[SOURCE DATA]
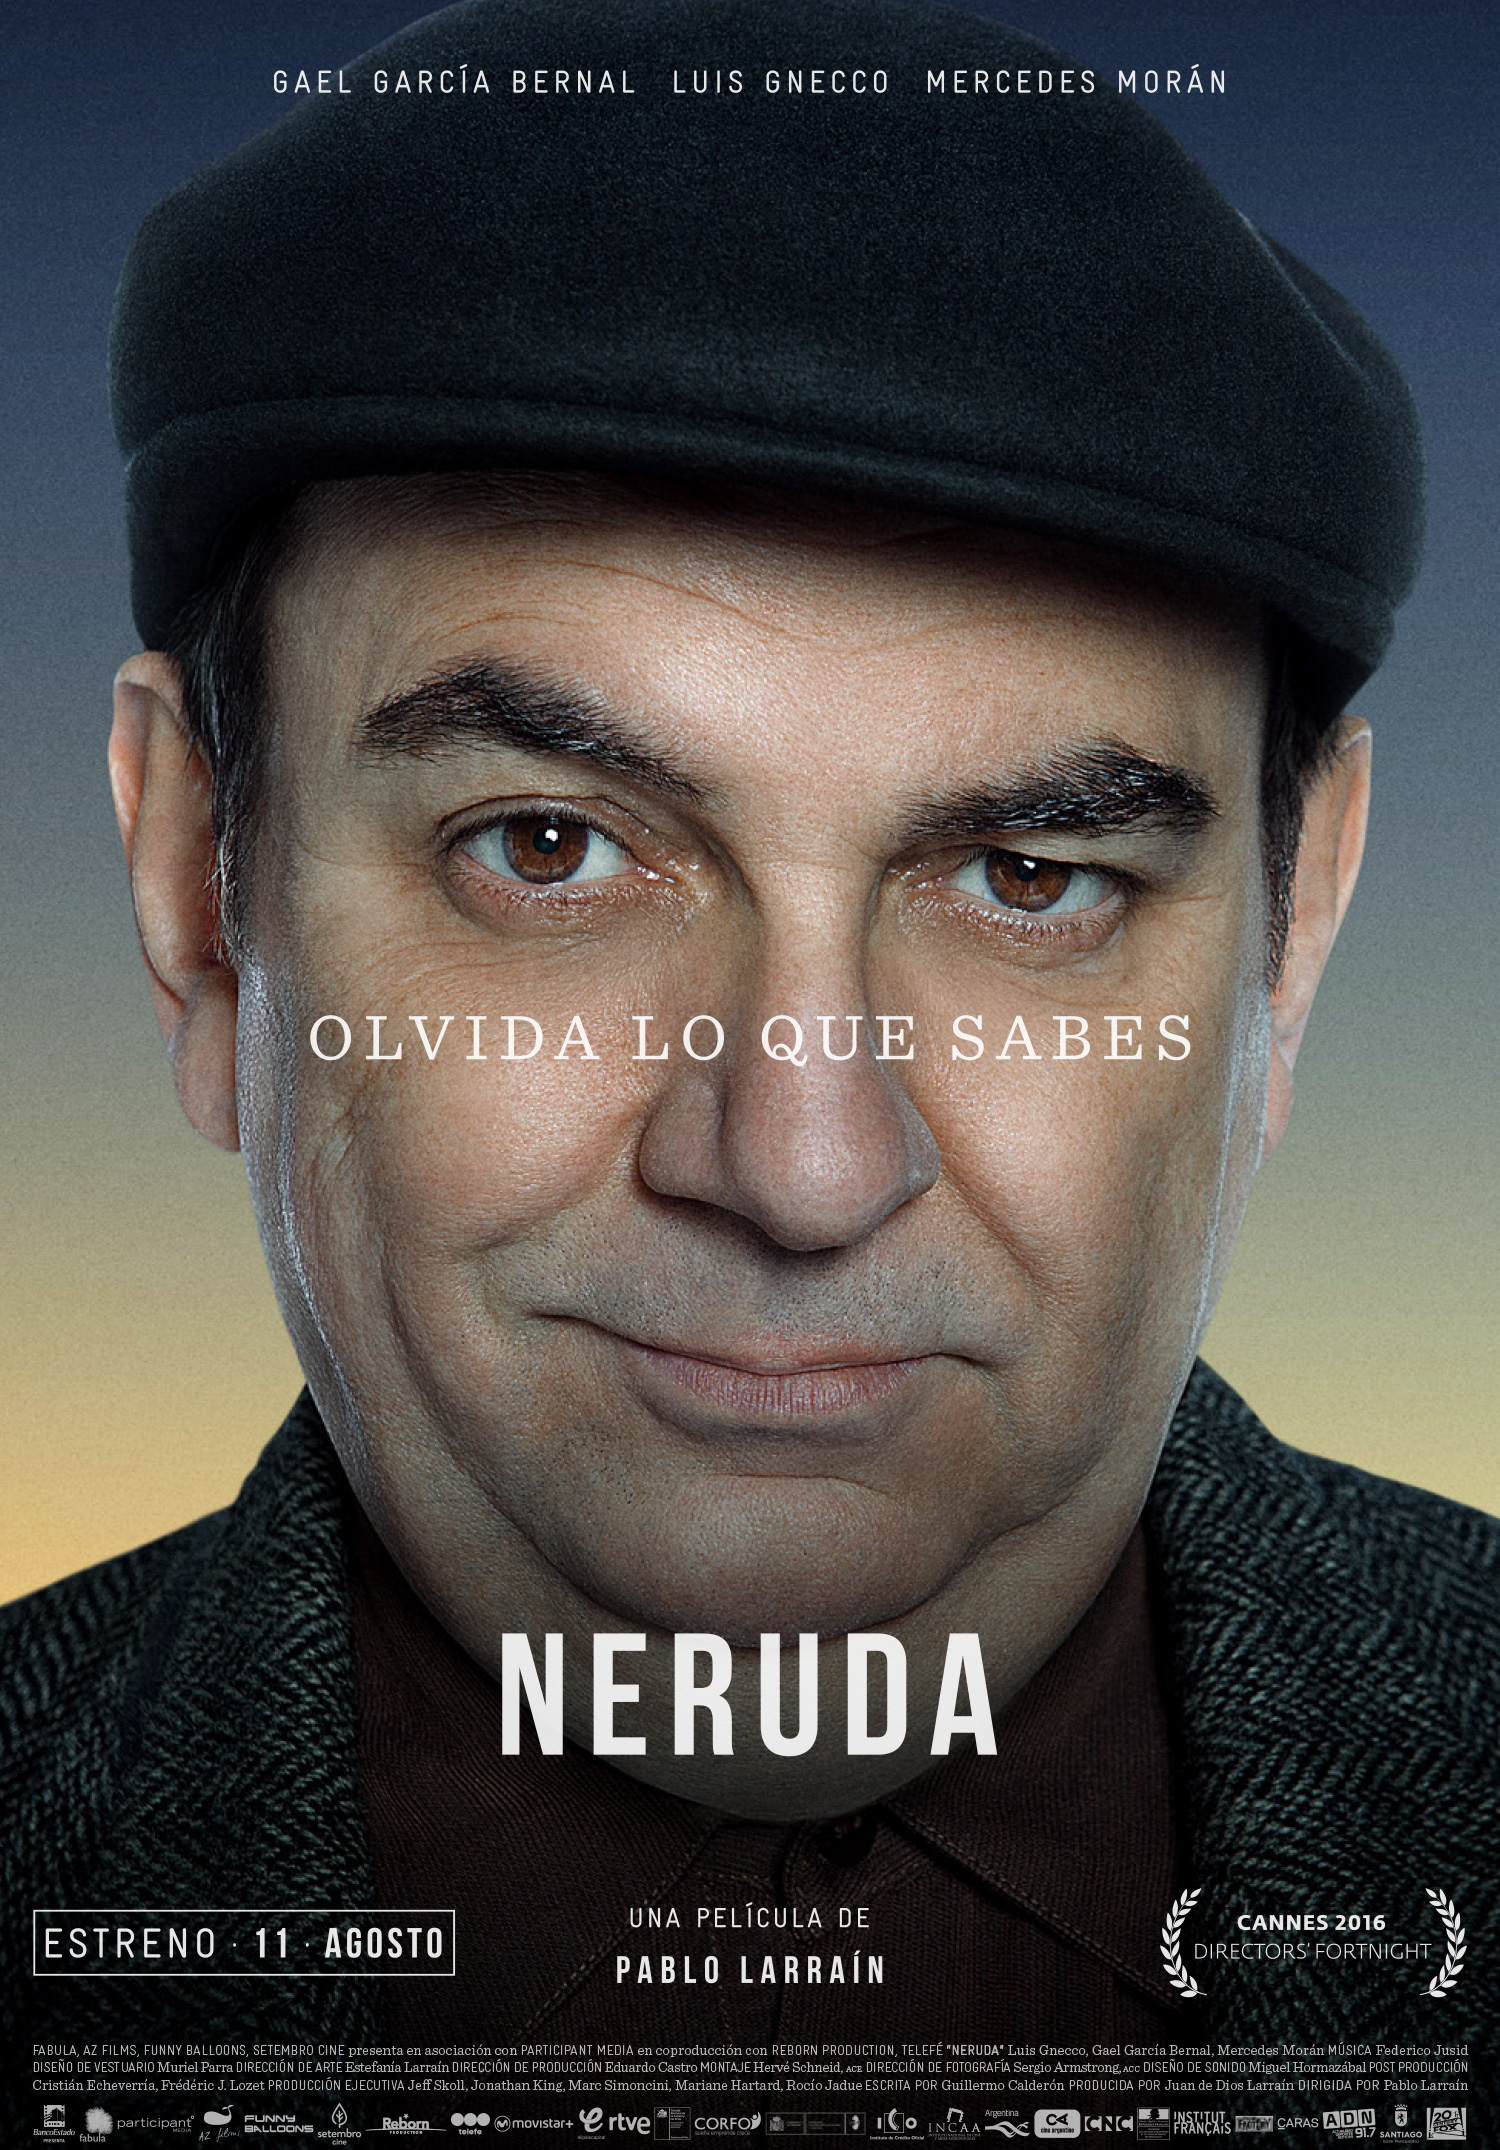 El afiche de "Neruda".
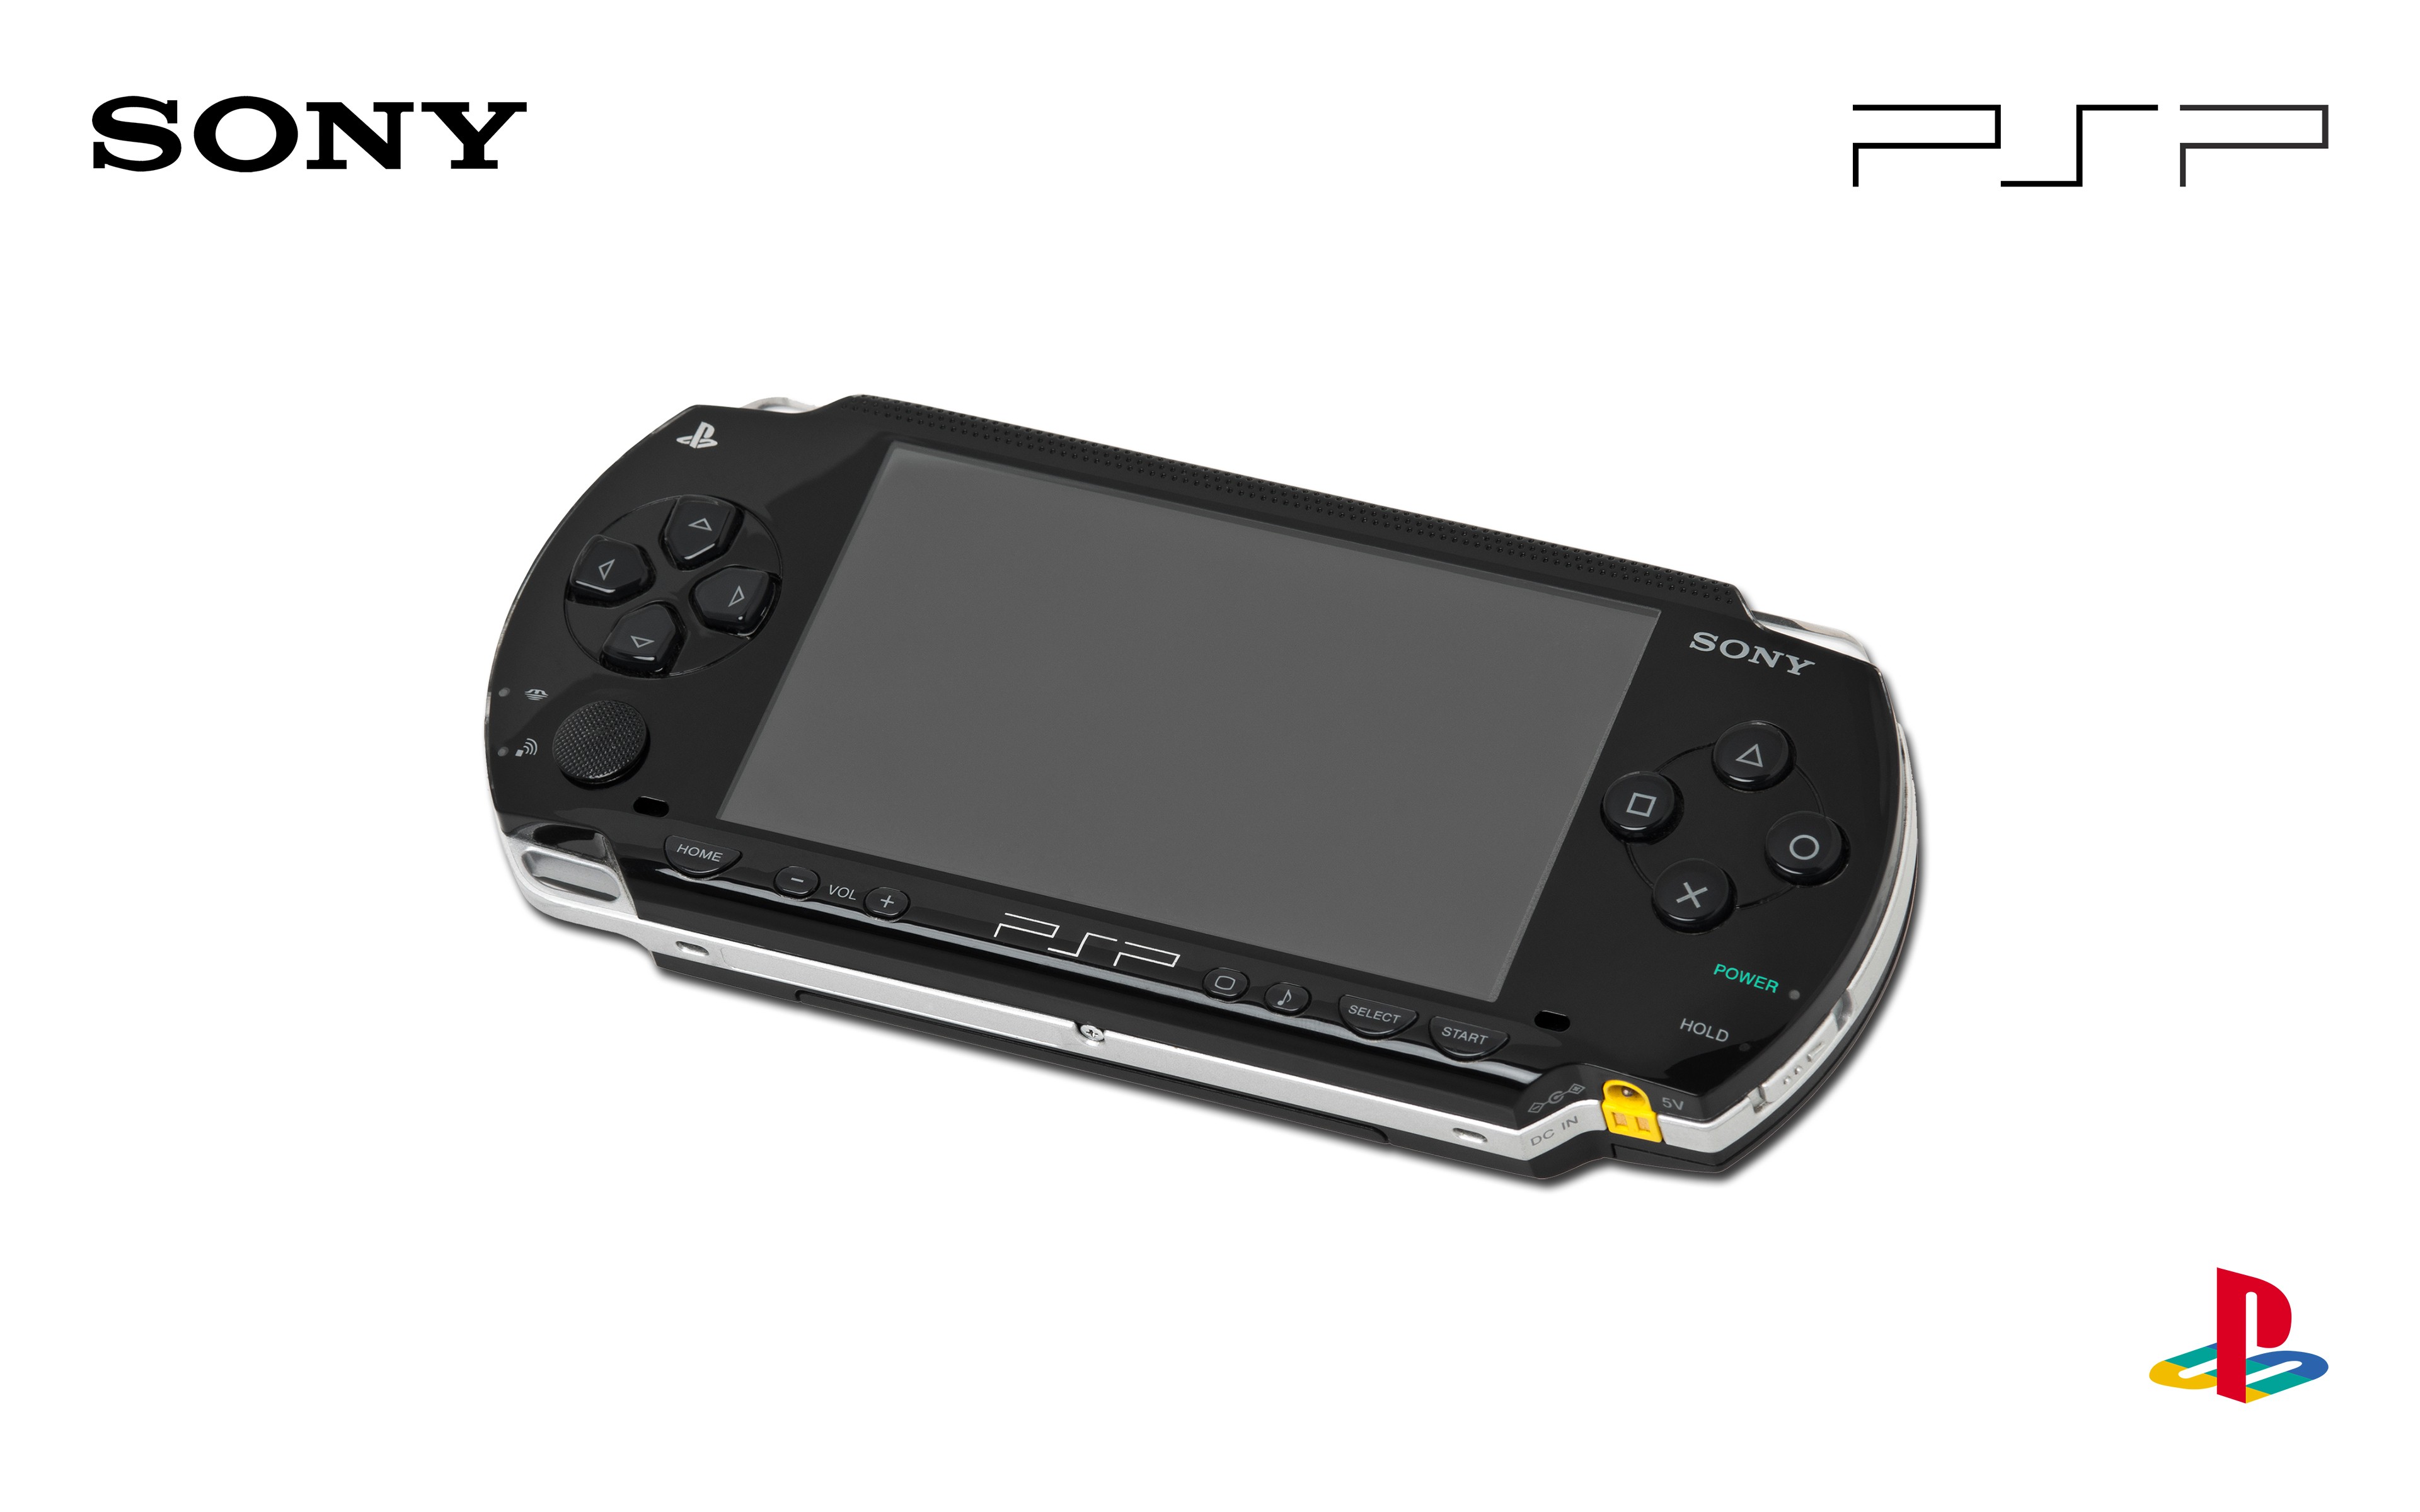 PSP 游戏机
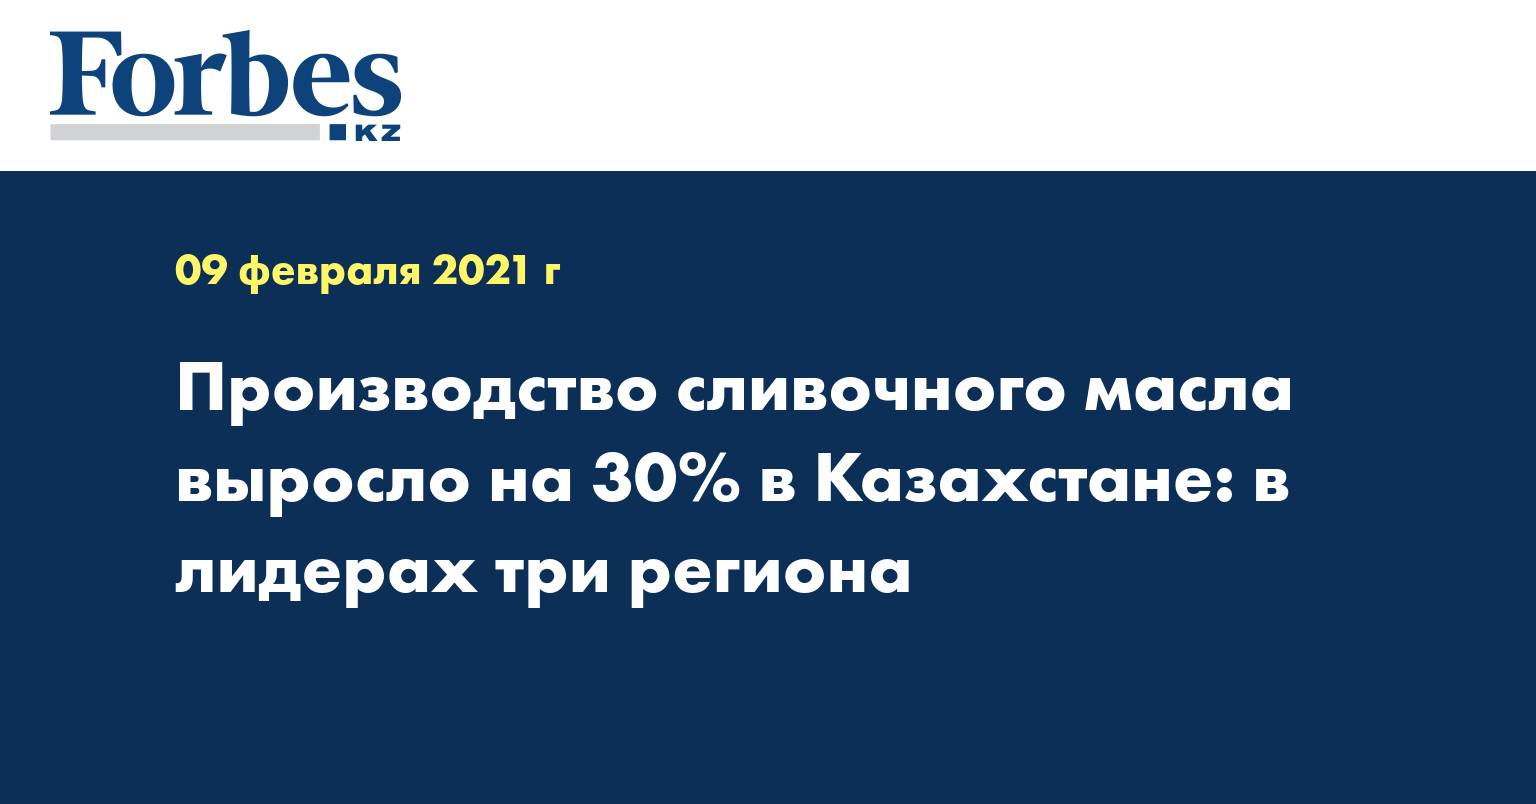 Производство сливочного масла выросло на 30% в Казахстане: в лидерах три региона
[/SOURCE DATA]
* [REQUIRED ACTION]
Print the listing exactly, minus any pictures.

* [WRITTEN ANSWER]
 El afiche de "Neruda".
 PSP 游戏机
 Производство сливочного масла выросло на 30% в Казахстане: в лидерах три региона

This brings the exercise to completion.